Tyeko Florence

    Florence’s Story

    “I was born in Masese, the slums outside of Jinja. I lived with both of my parents and had five siblings. There were three girls and three boys. In 1995, my oldest sibling passed away as a child, but we don’t know why. My father got sick in 2008 with liver cancer. He was in treatment for alcoholism, and while he was there, he passed away. The last-born child died immediately after my father passed, and not long after that the second to last passed away. I was told that a witch doctor poisoned them all because he did not like my family.

    My mother was tired of seeing her family die before her and she felt like she didn’t have any hope and became suicidal. My siblings and I were living on the streets and spent many nights there. Food and shelter were difficult to find and hard to afford, and when we did have shelter it was not in good shape. I would pick charcoal or work in people’s homes as a house girl to get some money for food.  

    My hope was renewed when my brother Mark met Heidi and joined the Peace for Paul Foundation family. After this, myself and two other siblings came to Peace for Paul.
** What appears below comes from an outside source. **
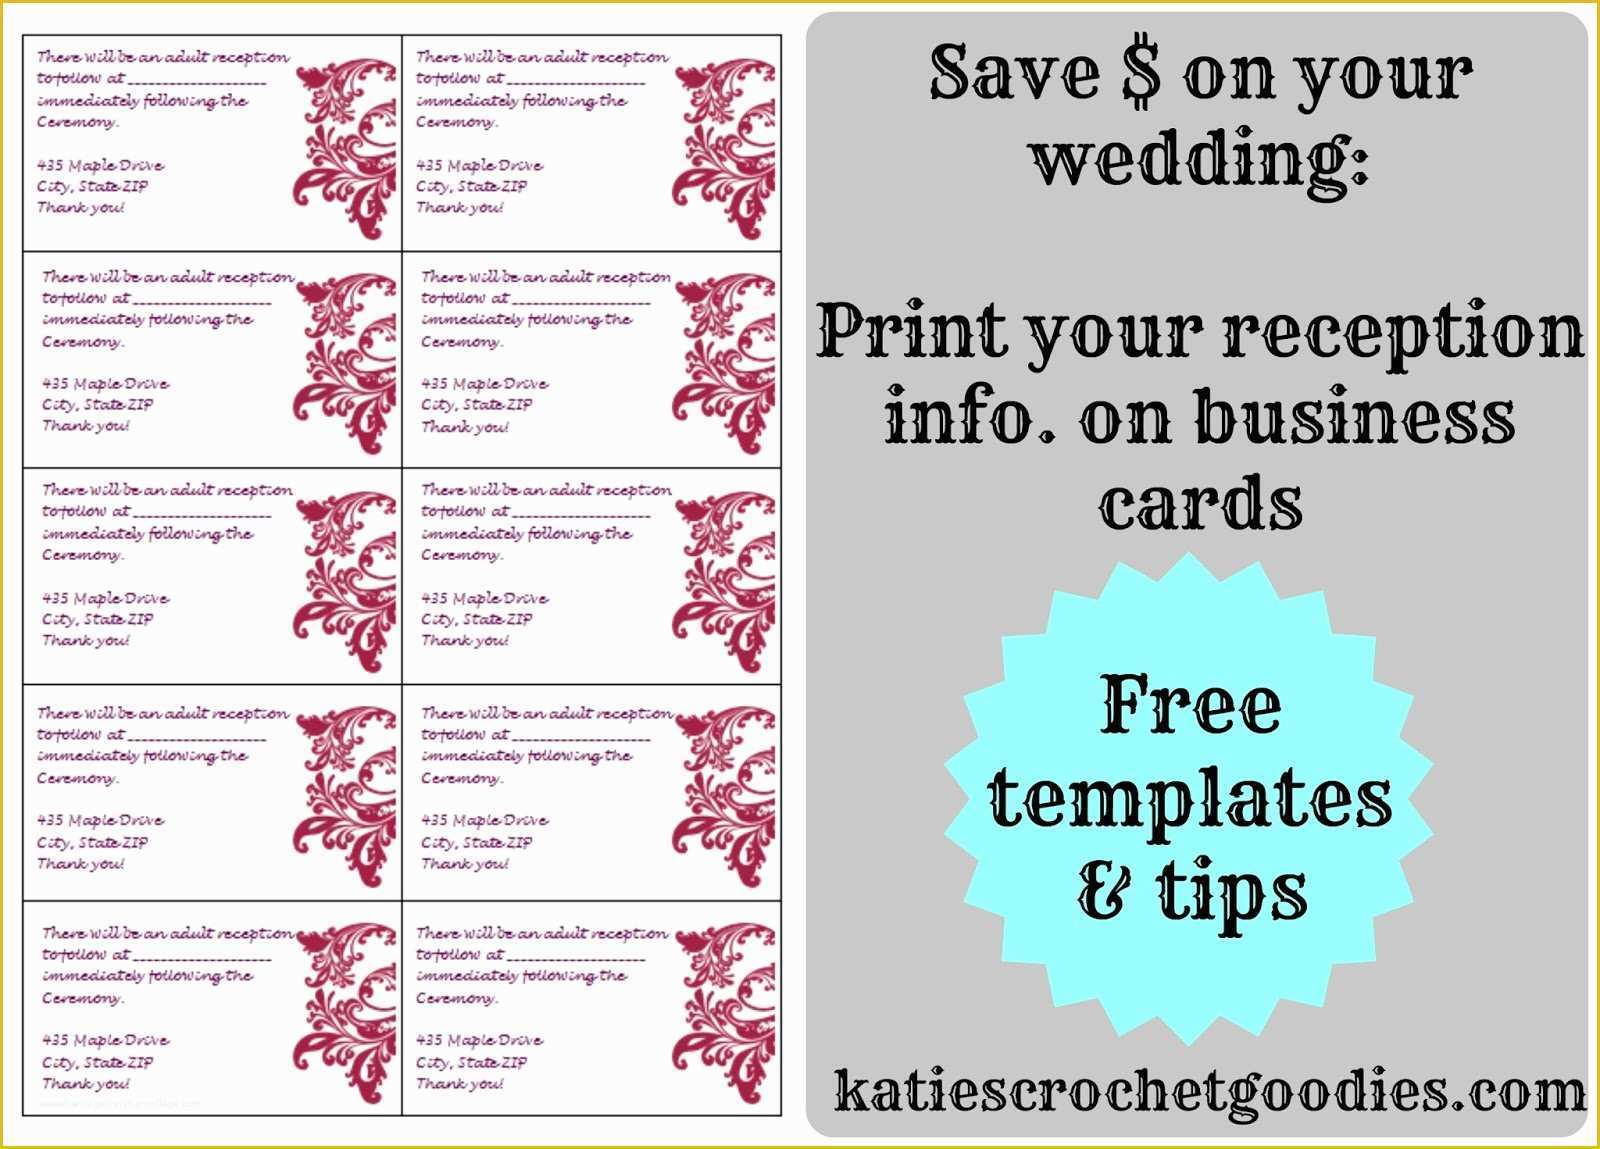 Free Wedding Reception Templates Of Free Wedding Templates Rsvp & Reception Cards Katie S

    My life has been so sad especially after losing my father and siblings. Life on the streets was dangerous and a struggle every day. It makes me cry when I talk about it, but now my life is so good and I have everything I need, and I love my school and friends so much”.

    In 2018. Florence completed Senior 2 and moved back in with her mother to pursue a paper bead making business with her. They continue to work together to build this business and Florence remains a part of the PFP family and of her siblings lives. 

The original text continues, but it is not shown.